For the past week or so I’ve been working on getting my corpus of transcribed and translated texts into shape. The word corpus is from the Latin word meaning “body”, and in this case refers to a “body” of text that I’ve built over the past few years. This is the recorded data that my analysis of Pnar is based on - I’ve recorded over 12 hours of conversations, stories, and interviews, but only 8 hours and 6 minutes have been transcribed.

I say ‘only’, but that’s around 75,000 words, which has been time-consuming work over the past couple years. Just to give an idea, transcribing 5 minutes of recordings took me about one hour when I first began, including time for analysis with the assistance of a native speaker. This corpus is just beginning to break the surface of describing the language. Fortunately, the recordings have been pretty diverse in terms of subject matter and speakers, so it gives a pretty good initial picture of the language.

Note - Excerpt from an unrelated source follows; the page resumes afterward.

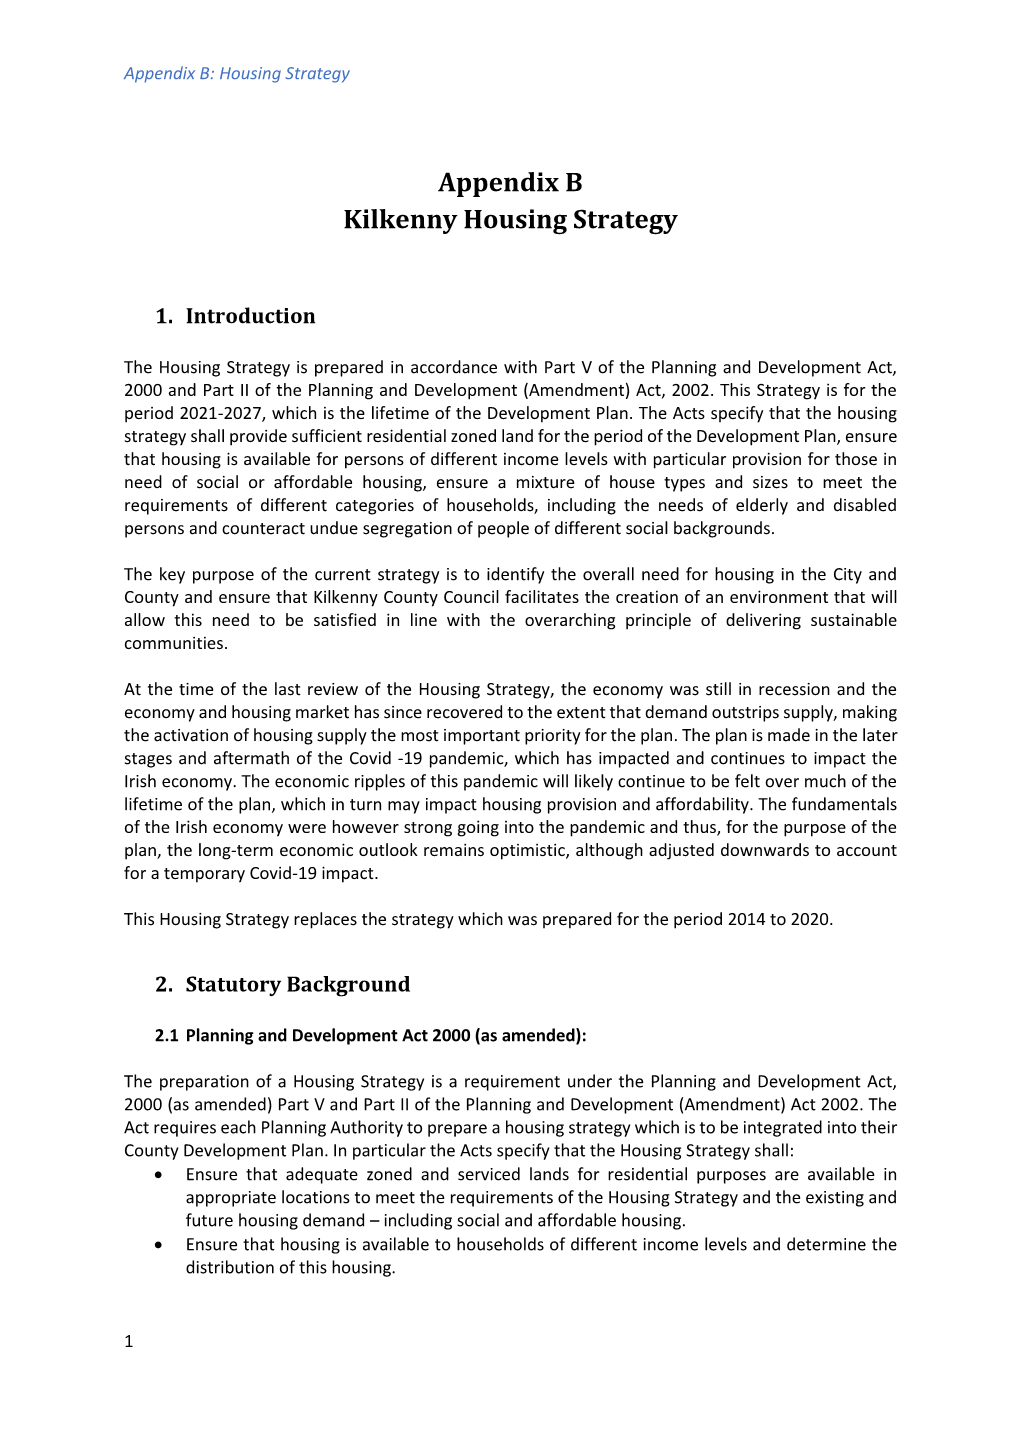 Appendix B Kilkenny Housing Strategy

When I started out learning Pnar I began with recordings of speakers describing what was happening in The Pear Film, which is a short silent film developed by Wallace Chafe. Following the suggestion of my advisor Alec Coupe, I had a speaker watch it and tell others (who couldn’t see the film) what was going on. This gave me a very clear context in which to analyze language data.

From that beginning analysis, as I have worked on more recorded texts, my understanding of the language has developed and grown. I’m now finding that some of my original thoughts need adjustment, and that some of the original glosses and translations should change. So now I have to go back through and re-adjust the whole set of 75,000 words. It’s time-consuming, but fortunately not as bad as it used to be.